Пётр Кропоткин отвергает любую власть. Но пути революций неисповедимы. Как знать, не суждено ли ему занять опустевший трон? Если не с короной и скипетром, то в чёрном плаще анархиста.
Кому-то вопрос покажется нелепым. Напомню закон, открытый современной психологией. Наши мысли – лишь волны на поверхности океана бессознательного. Он глубок и неведом для рассудка. Но именно оттуда, из глубины, всплывают образы и эмоции, определяющие наши поступки. Явные цели могут скрывать потаённые устремления.
Мне кажется, это помогает понять происходящее в России. Возможно, свершается нечто подобное Великой французской революции. К счастью, массового террора ещё нет. Но ведь революции начинаются с восторгов, лозунгов и пения радостных песен. Не слышно, как затачивают лезвие гильотины.
Общественный организм, полагают учёные, руководствуется не рассудком, а эмоциями. И здесь тоже сказывается таинственное действие бессознательных инстинктов. Сейчас в России господствуют именно они.
Чем это завершится? Предлагаю вариант, о котором никто не упоминал. Князь Пётр Кропоткин станет вождём анархистов и монархом всея Руси. Написал бы «анархом», да нет такого понятия. Или России предстоит сказать на весь мир новое слово?
Это было бы похоже на победу мятежника Пугачёва, восставшего при Екатерине II. Но тот был мужиком, выдававшим себя за царя. Этот – просвещённый интеллигент. Не такой ли невероятный царь – в качестве духовного вождя – возможен во взбаламученной невероятной России? И кого ещё можно призвать на царство? Соразмерной кандидатуры нет.
…Жизнь в Петрограде бурлит. Во что это выльется? Поживём – увидим. Несмотря на некоторые повреждения верхней одежды, ваш корреспондент готов и впредь барахтаться в бурных волнах Русской революции.
7
Две следующие статьи тоже дались без особого труда. Сергей поговорил с несколькими знакомыми журналистами и просмотрел газетные публикации последнего месяца. Понял: ничего понять невозможно. Но на это он и не претендовал.

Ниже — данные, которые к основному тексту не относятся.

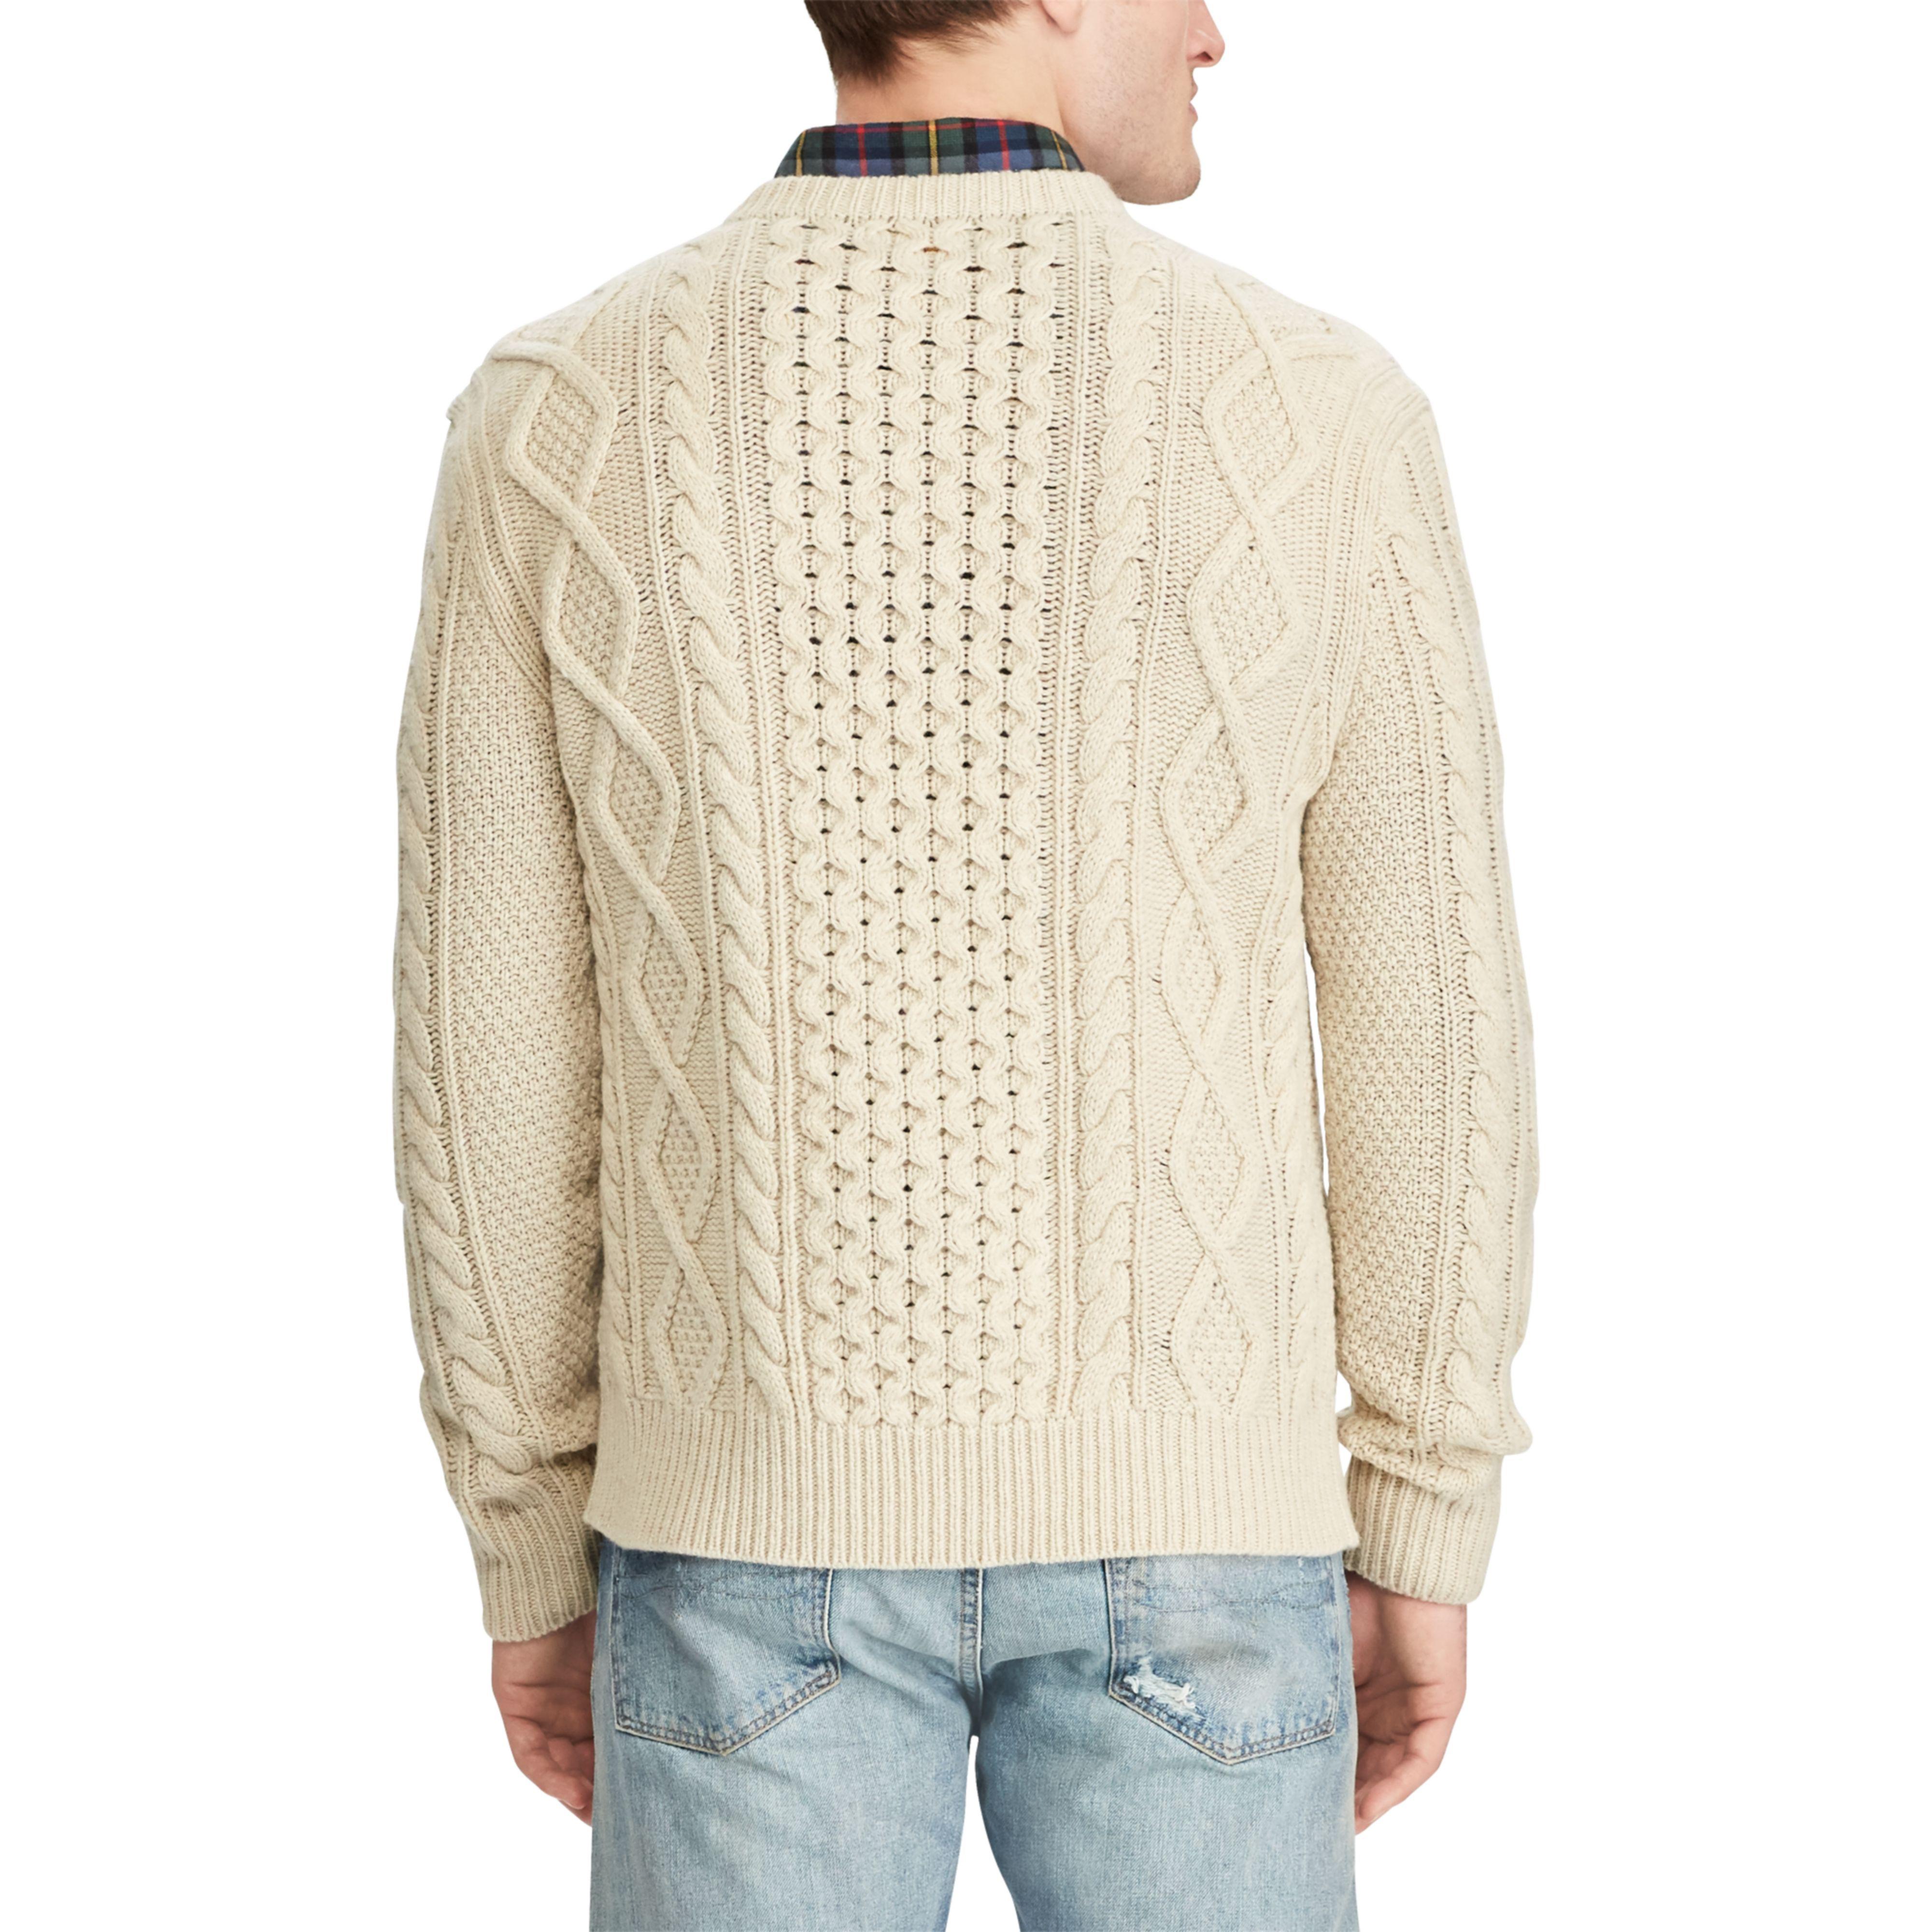 Lyst - Polo Ralph Lauren The Iconic Fisherman's Sweater for Men

У него был превосходный советчик: дядя Кирилл Павлович, у которого он останавливался, приезжая в Петербург. Так было и на этот раз.
Семья Кирилла Павловича – жена Ольга Сигизмундовна, дочь Софья и сын, кавалерийский офицер (он воевал на Южном фронте) – располагалась в пятикомнатной квартире на Большой Садовой. Вечером Сергей нанёс им визит. Отец семейства был на службе в Департаменте просвещения. Ольга Сигизмундовна встретила его как родного сына, выразив неудовольствие тем, что он остановился в гостинице. Когда пришёл Кирилл Павлович – крупный, бородатый, шумный – и обнял его, трижды расцеловав, Сергей понял, что будет свиньёй, если откажется от их гостеприимства.
Наиболее интересные сведения и комментарии к происходящим событиям он получил после вечернего чая в кабинете Кирилла Павловича, по словам которого, большевики собираются силой захватить власть. Желают произвести нечто несусветное, переведя буржуазную революцию в социалистическую. Что это такое, никто не ведает, но оно может свершиться с непредсказуемыми последствиями.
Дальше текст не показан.